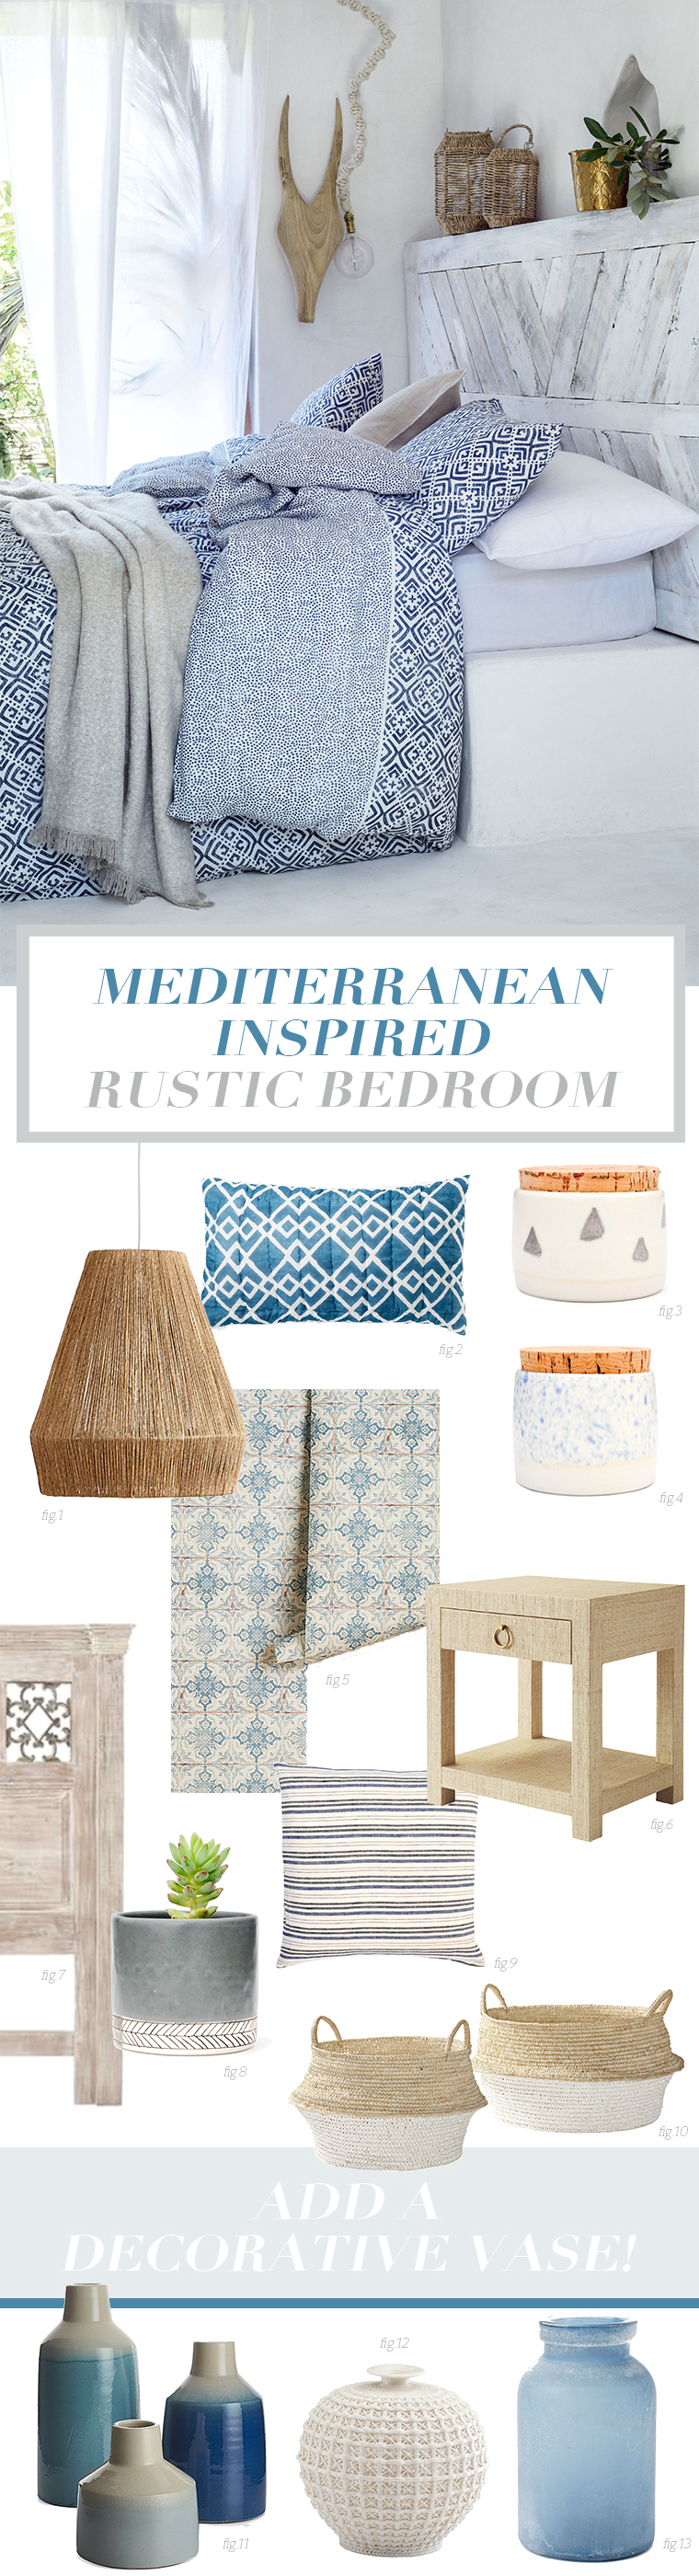 Blue-white-gray-summer-rustic-bedroom-design-inspiration-1
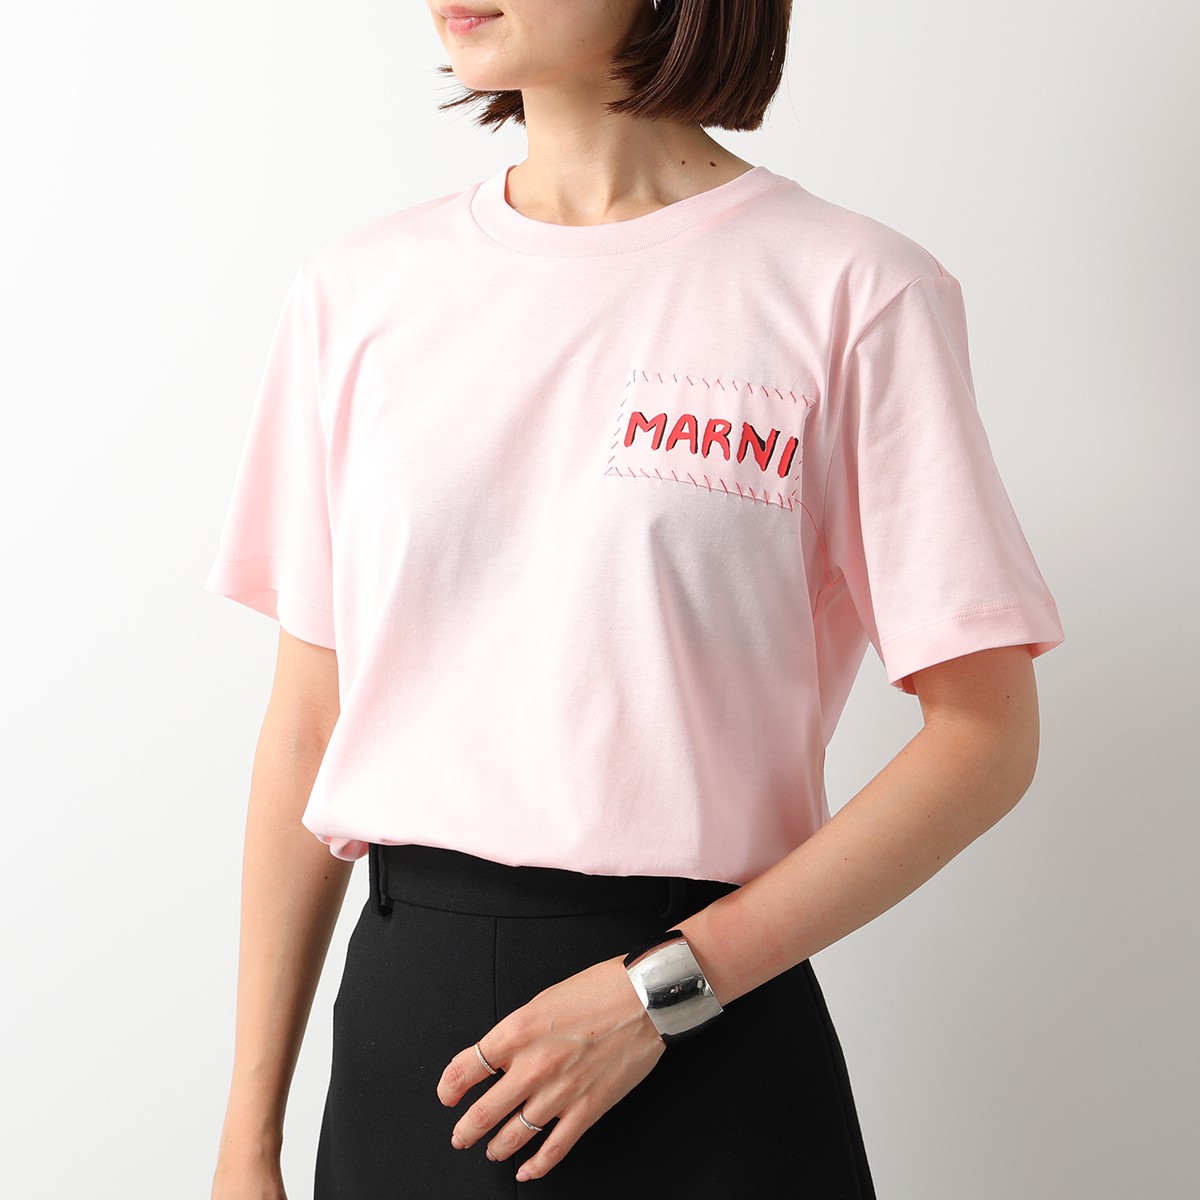 MARNI マルニ 半袖Tシャツ HUMU0198X0 UTC017 レディース コットン ロゴパッチ ステッチ ロゴT クルーネック カットソー  カラー3色
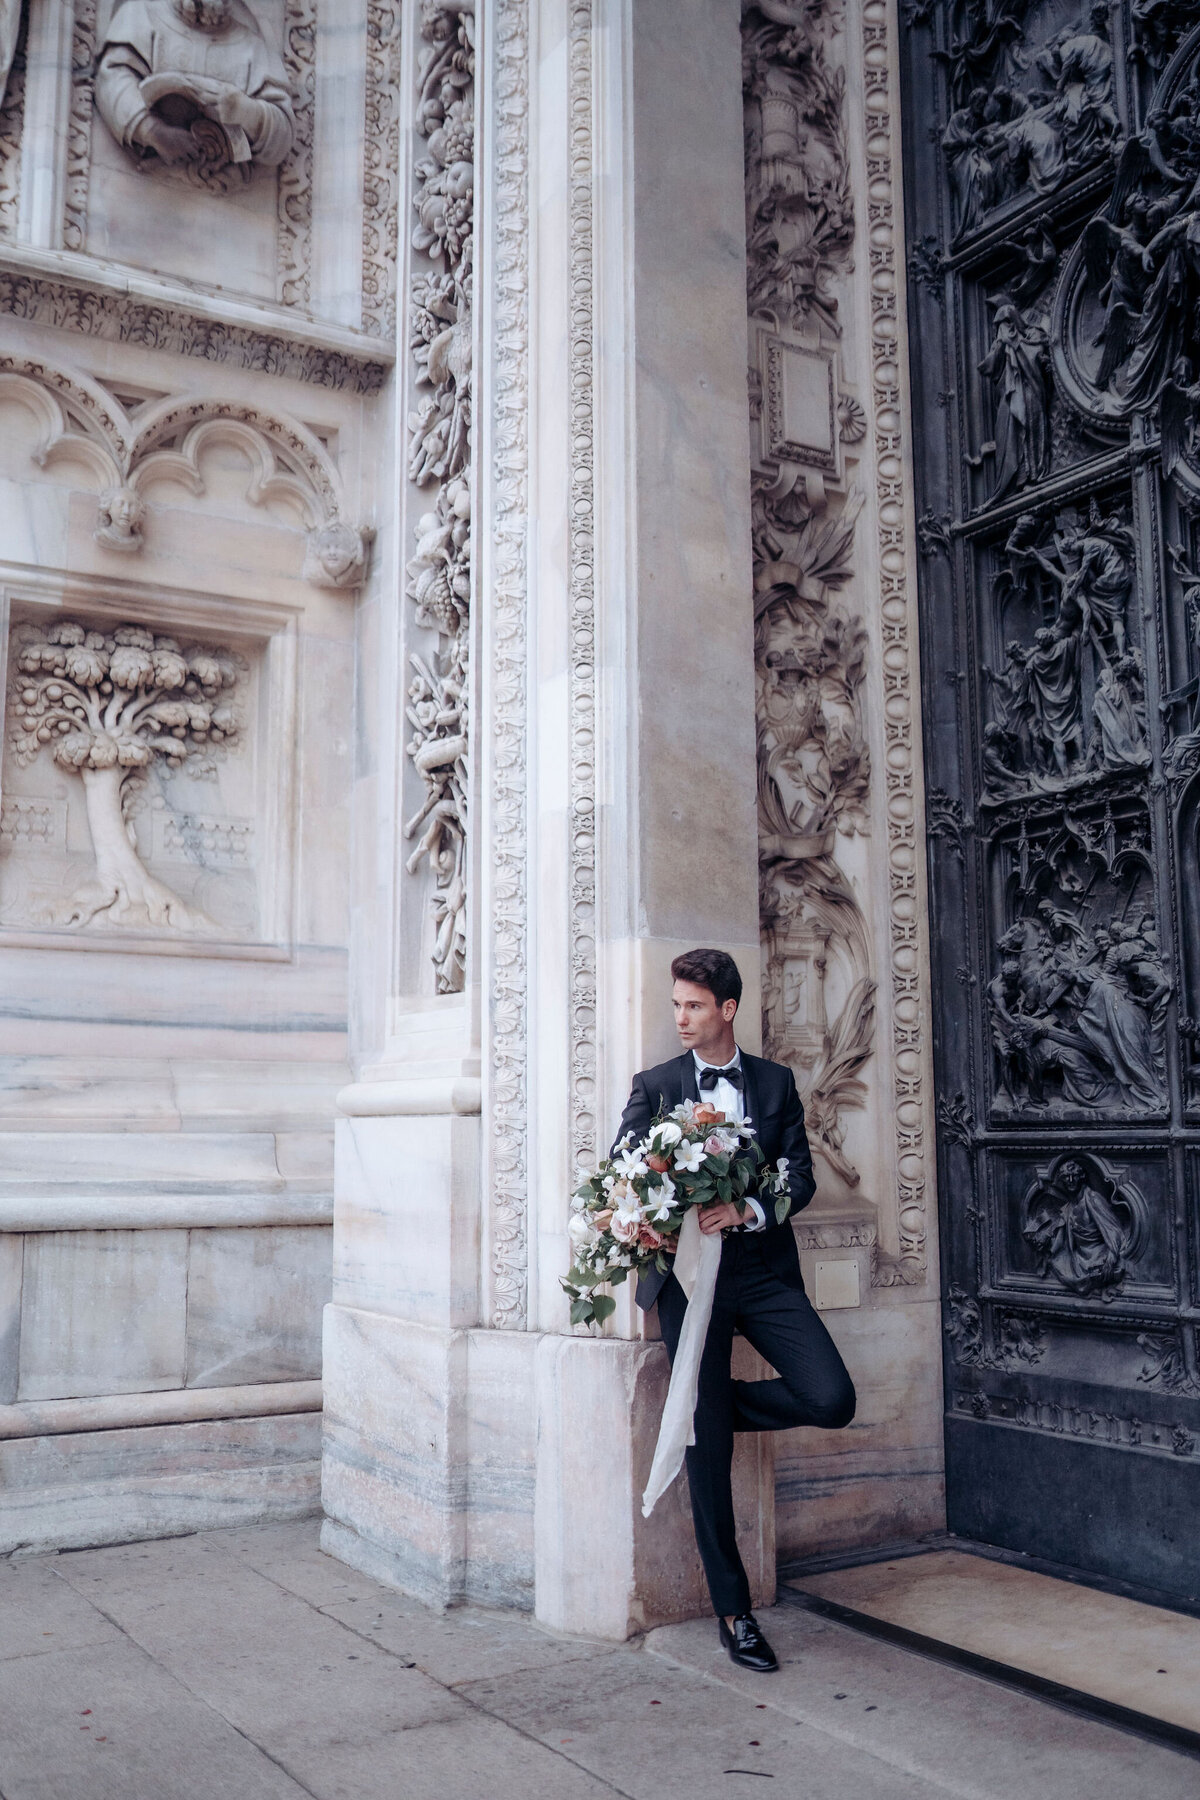 055-Milan-Duomo-Inspiration-Love-Story Elopement-Cinematic-Romance-Destination-Wedding-Editorial-Luxury-Fine-Art-Lisa-Vigliotta-Photography
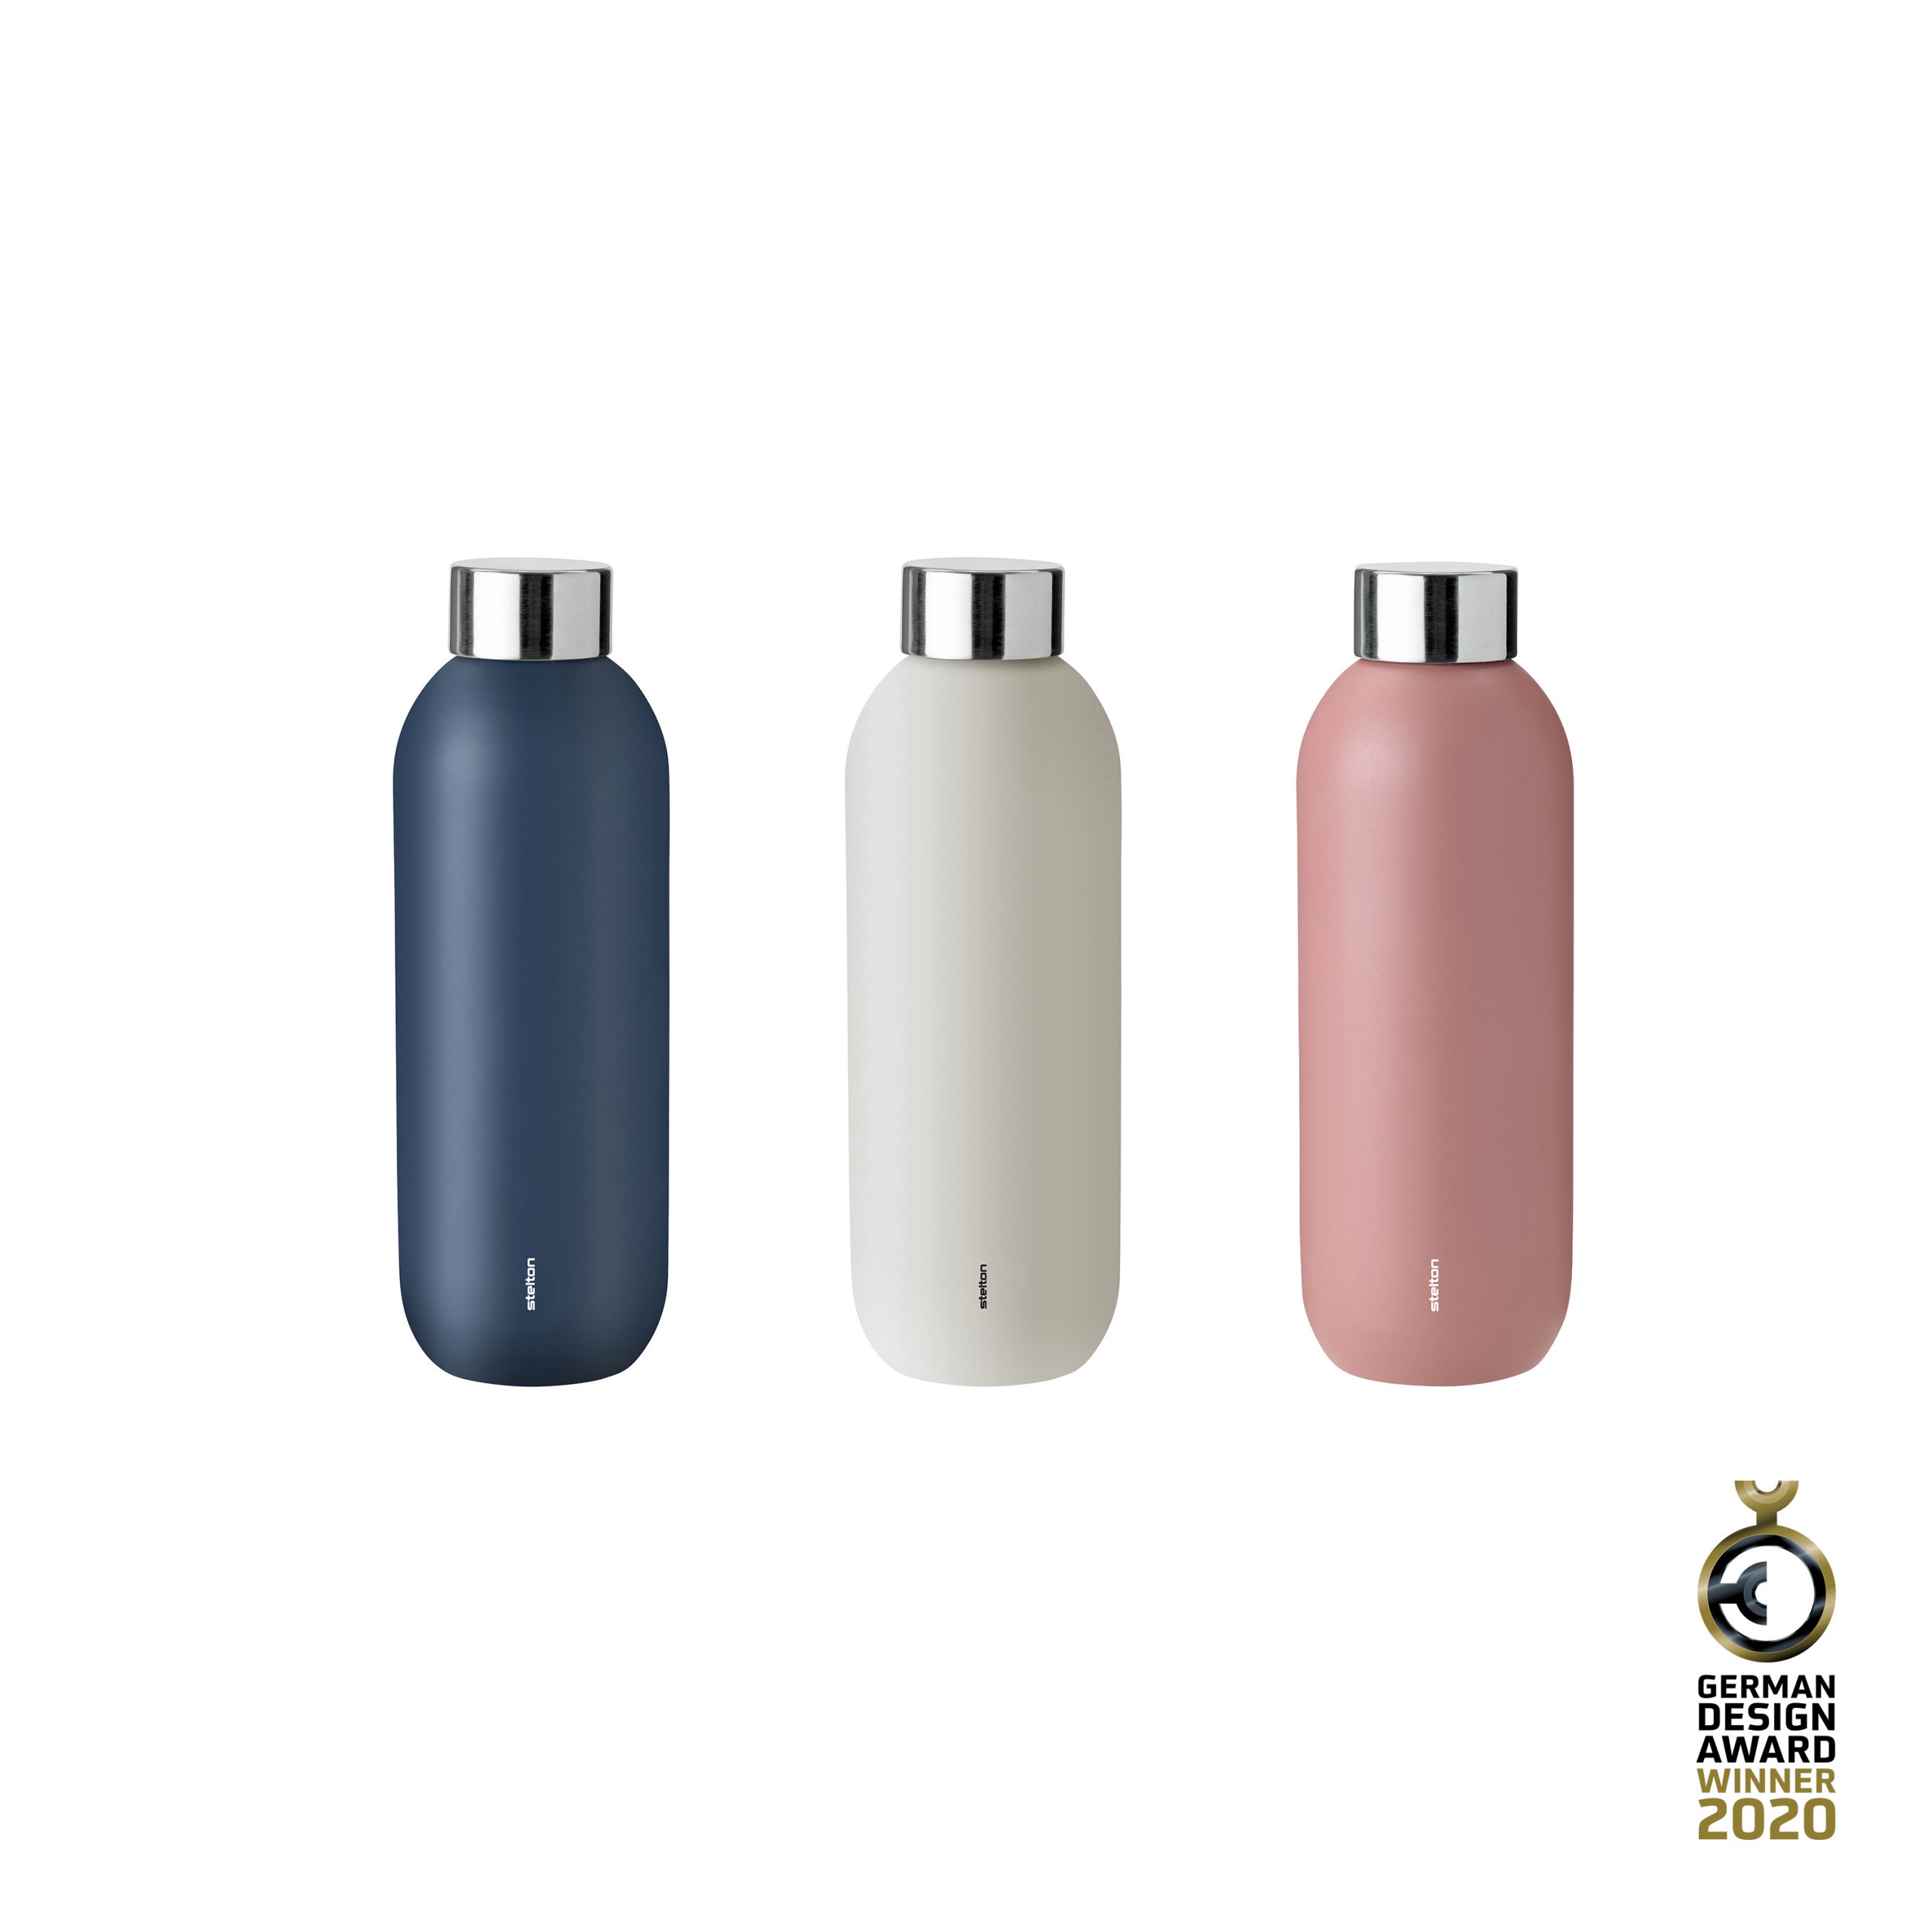 German Design Award for Keep Cool bottle by Debiasi Sandri for Stelton

▶ What you will do
The result should be a transcript of the lines from the line containing "MARNI マルニ 半袖Tシャツ" through the end of the listing above, exact, inclusive, and without pictures.

▶ Exercise result
 MARNI マルニ 半袖Tシャツ HUMU0198X0 UTC017 レディース コットン ロゴパッチ ステッチ ロゴT クルーネック カットソー  カラー3色
 055-Milan-Duomo-Inspiration-Love-Story Elopement-Cinematic-Romance-Destination-Wedding-Editorial-Luxury-Fine-Art-Lisa-Vigliotta-Photography
 German Design Award for Keep Cool bottle by Debiasi Sandri for Stelton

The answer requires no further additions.